In this article we will see in detail what chinotto is and how one of the most popular carbonated drinks in Italy was produced from a small fruit.
What is chinotto
Let’s start immediately by saying that chinotto is a citrus fruit that is part of the Rutaceae family. The tree can reach three meters in height, with straight branches and short branches, white and very beautiful flowers. Its Latin name is “Citrus myrtifolia”, because the leaves, small and leathery, recall those of the myrtle. According to the most widespread opinion, its origin derives from a mutation of the bitter orange, which over time has led to the plant we know today. Its name recalls China, from which it seems it was imported around the sixteenth-seventeenth century by merchants from Livorno or Savona. In addition to Liguria, its cultivation is practiced in Sicily, Calabria, Tuscany and the French Riviera.

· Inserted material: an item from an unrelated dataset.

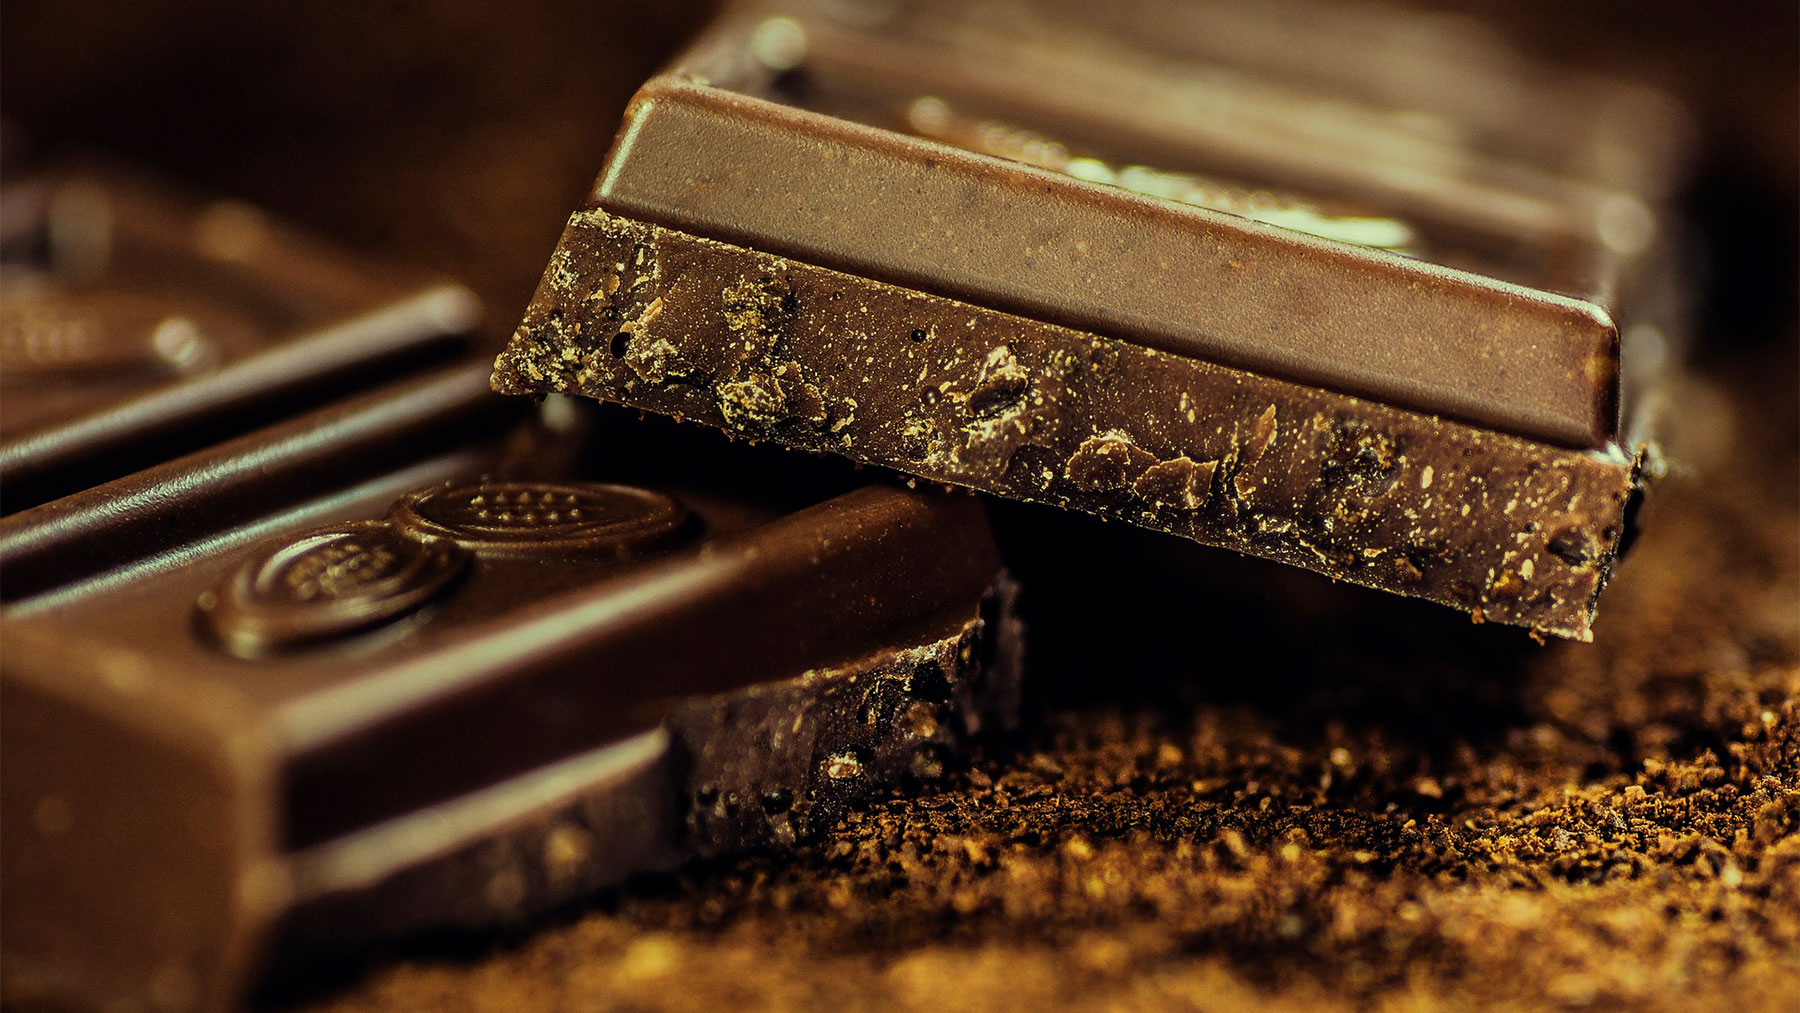 El cacao es un alimento rico en polifenoles con propiedades antioxidantes, antiinflamatorias y cardioprotectoras.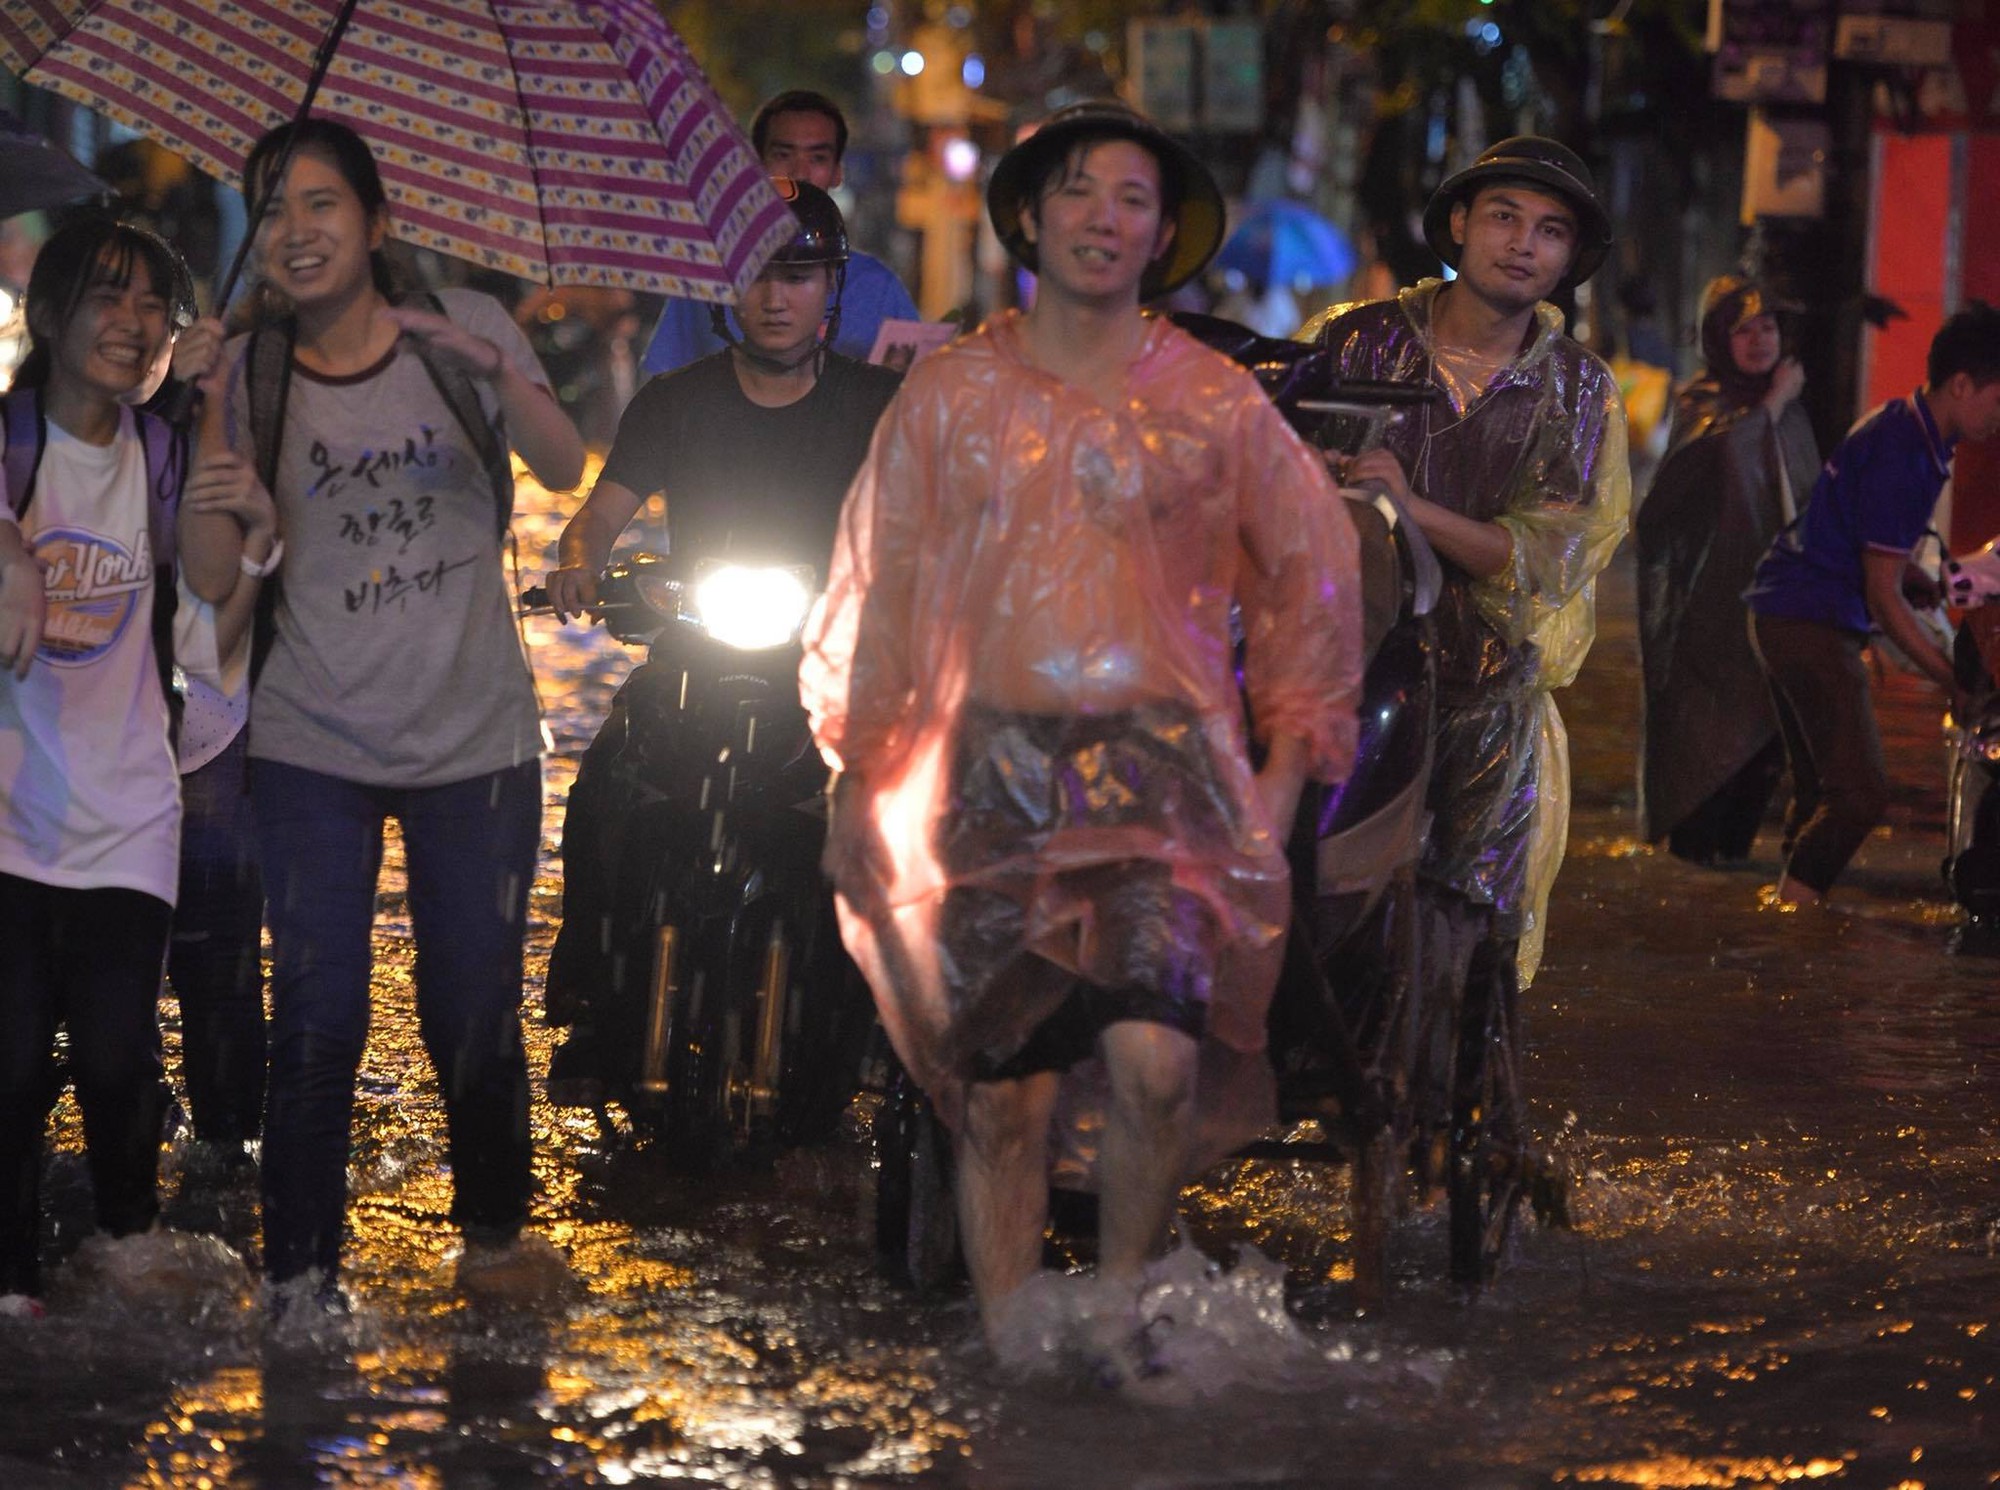 Dân công sở Hà Nội than trời trong ngày mưa ngập và tắc kinh hoàng: Có vài km mà mất tới 2, thậm chí 3 tiếng đồng hồ mới về đến nhà - Ảnh 6.

In the past, chinotto was especially appreciated in pastry, where the fruits were used to produce candied fruit, jams and syrups. At the end of the nineteenth century, in particular, they were used to eat them together with alcoholic beverages in cafes, as aperitifs. Dipped in maraschino, for example, they were considered useful for digestion.
The cultivation of chinotto in Liguria
Once it arrived in Italy, the chinotto plant was intensively cultivated in Western Liguria. Currently the privileged territory is the coastal one, from Varazze to Finale, even if, over the years, a series of frosts has significantly reduced production. Currently, in the Savona area the cultivation of chinotto is entrusted to a few nurseries and botanical gardens that safeguard its conservation. Its small bitter fruits are arranged in clusters and have a very intense orange colour when ripe. The harvest takes place between September and November and the perfume that spreads from these fruits is very intense, a characteristic that makes them ideal for a long conservation.
The processing of chinotto
The processing of chinotto differs little from that of the past, complicated and with several steps. The fruits were put in brine, even in sea water, for three weeks. They then proceeded to eliminate the bitter peel, before immersing them again in brine. Once this phase was over, the fruits were boiled and treated in order to be placed on wooden barrels. At this point they were ready to be transported and traded elsewhere, in different regions of Italy and abroad.
The chinotto in Liguria
Chinotto has found, in Liguria, the ideal territory to perfect its organoleptic qualities. The first Ligurian candying laboratory was Silvestre-Allemand, which moved from France in 1877. The reasons for this move are to be found in the best territorial conditions, which make Liguria perfect for the production of this fruit. Furthermore, the variety of chinotto established in Western Liguria proved to be particularly suitable for processing, due to its small size and thick, fragrant, resistant and early ripening skin.
The use in pastry and the origin of the drink
Laboratories and factories specialized in candying were soon born in Liguria, in which French techniques were refined. To this end, the “Cooperative Society of Chinotti” was founded in Savona in 1880 to control the cultivation and processing of fruit.
Currently the chinotto is almost no longer adopted in pastry, except in the traditional Ligurian ones, precisely because of the difficulty in finding the fruits. On the other hand, the production of the carbonated drink of the same name is well known, the Italian answer to cola since the 1950s. From the American soft drink, however, it differs for the bitter taste and the unmistakable scent.
The Slow Food Presidium
Since 2004 the Chinotto di Savona has been a Slow Food presidium. The purpose of the association is to safeguard and enhance the cultivation of the plant, also relaunching the traditional production of candied fruit. The typicality of the chinotto is closely linked to the Ligurian territory. For this reason, and to avoid its extinction, the municipality of Quiliano has recently promoted the extensive cultivation of the Chinotto di Savona in the San Pietro Park (Carpignano).